Indiana

Education, From The Capitol To The Classroom

Deadline Looms For ISTEP Panel To Design New Test

    Gov. Mike Pence and House Speaker Brian Bosma separately announced appointments to the panel that will recommend a replacement for Indiana’s current standardized test, the Indiana Statewide Testing for Educational Progress-Plus or ISTEP. (David Hartman /Flickr)

    The panel that is re-writing the ISTEP+ met for the first time Tuesday. (David Hartman /Flickr)

    The committee created by lawmakers to rewrite Indiana’s standardized assessment, the ISTEP, met for the first time Tuesday.

    No decisions were made, yet it became clear to the educators, policymakers and lawmakers gathered that a vast amount of work lies ahead before their deadline just six months away.

    One major decision is whether a single summative test or multiple interim assessments should be used to measure how much a student knows and learned from the previous year.

    University of Kansas testing expert Marianne Perie told the panel before they even decide that, they need to agree on the purpose of the exam. Is it to identity achievement gaps and help students? Or provide instructional feedback to teachers and parents? Will lawmakers use it to compare schools to make policies? Could teachers be evaluated by a student’s score?

    “What is the number one goal this assessment has to have?,” she said. “If this taskforce doesn’t agree on that. It won’t agree on anything else.”
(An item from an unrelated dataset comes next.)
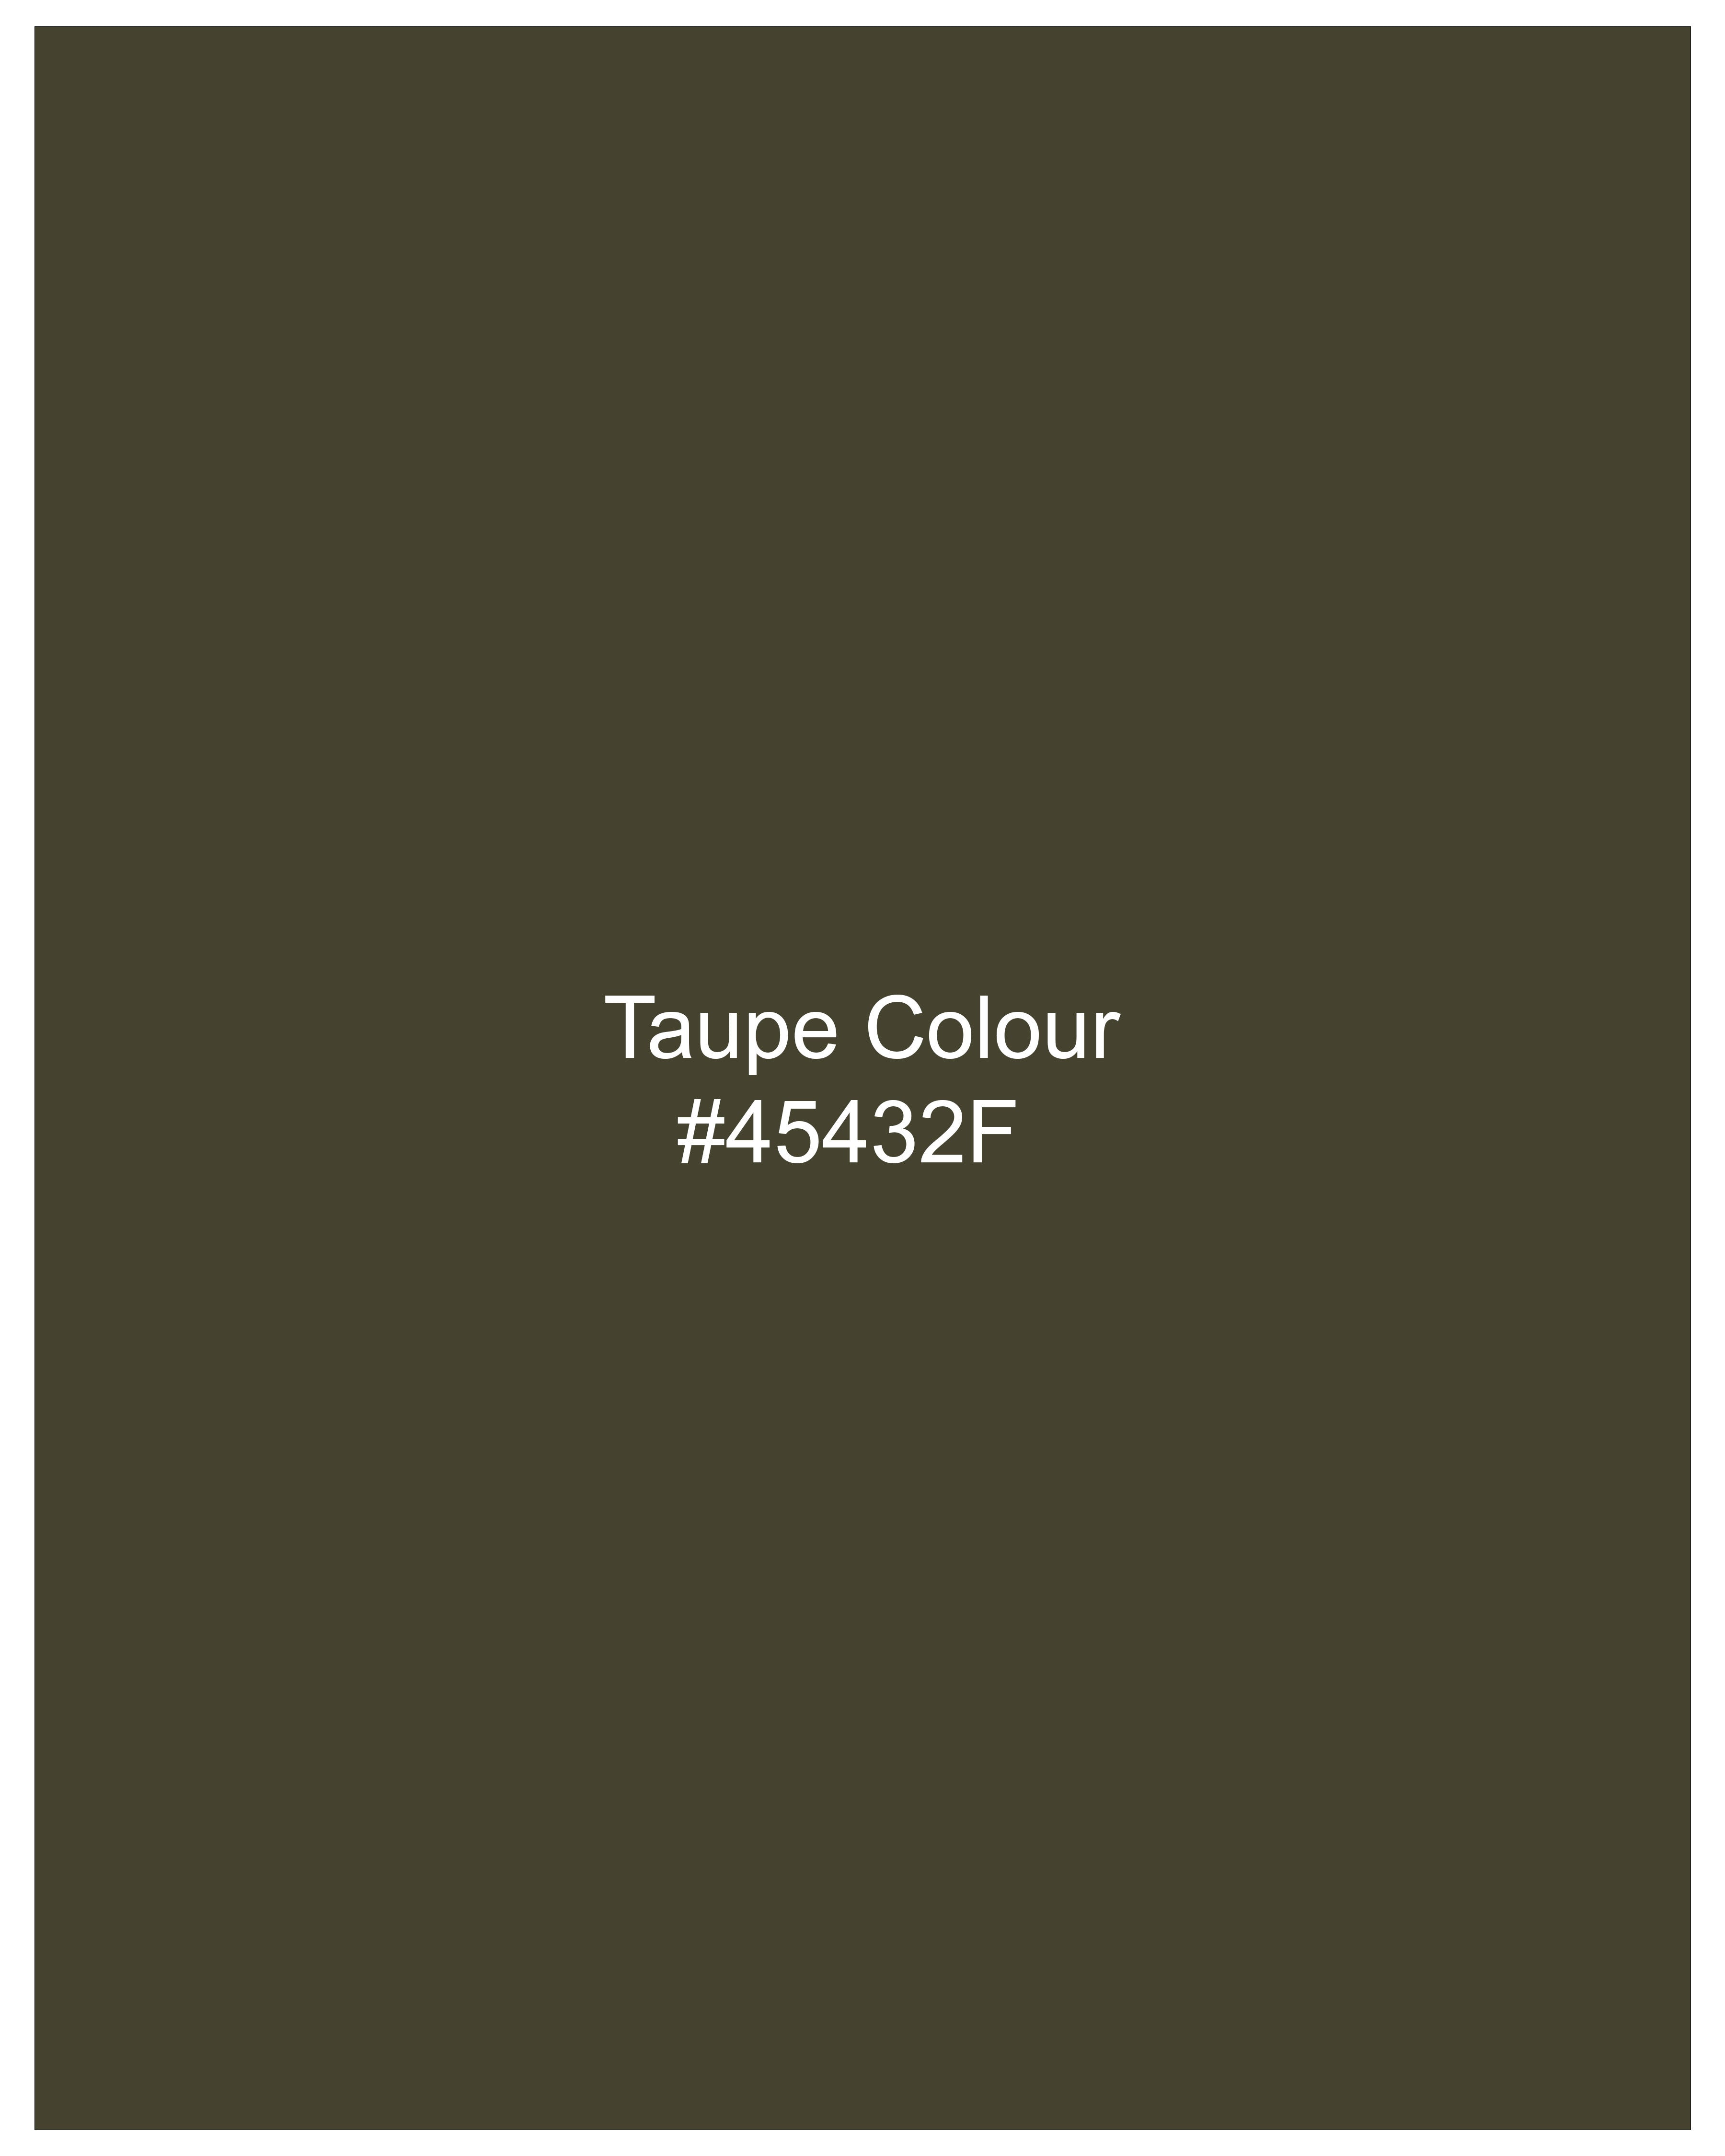 Taupe Green Solid Stretchable Premium Cotton traveler Pant T2642-28, T2642-30, T2642-32, T2642-34, T2642-36, T2642-38, T2642-40, T2642-42, T2642-44

    Legislation passed this year requires the 23-member committee to report its recommendations for a new assessment by Dec. 1. The report is supposed to guide lawmakers during the 2017 legislative session on approving a new assessment - one that could be built from scratch just for Indiana or be a so-called “off-the-shelf” model used by other states.

    Testing company Pearson is under contract with Indiana to give the current ISTEP in 2017. The new assessment, as approved by the committee, is go into effect in spring 2018.

    But the looming deadline is already causing state Rep. Bob Behning to suggest tweaking the law that repealed ISTEP to allow its use for one or two more years.

    “There’s probably a pretty good chance that we will extend the contract with Pearson for another year or two, until we get what we want, to do it right,” he said after leaving the committee meeting.

    Superintendent Glenda Ritz said the timeline to design the assessments will become more clear after the committee decides on key factors — such as the purpose and then the type.

    “There will be a conversation of what assessments we do want, and can we achieve the (third grade) I-READ information in the new system,” she said.

    Whether social students is part of the ISTEP could also be discussed, Ritz said, since an assessment of subject is no longer required by federal policy.

    “The cool thing about this whole operation is we really get to design the whole system,” she said.

    Tuesday’s meeting was mostly a summary of the types of testing, the current state of Indiana’s assessments, including ISTEP and the third grade reading test know as I-READ, and a review of the new federal Every Student Succeeds Act, or ESSA, that replaced No Child Left Behind.

    The panel’s recommendation on the new assessment system is due Dec. 1. The next meeting date has not been released.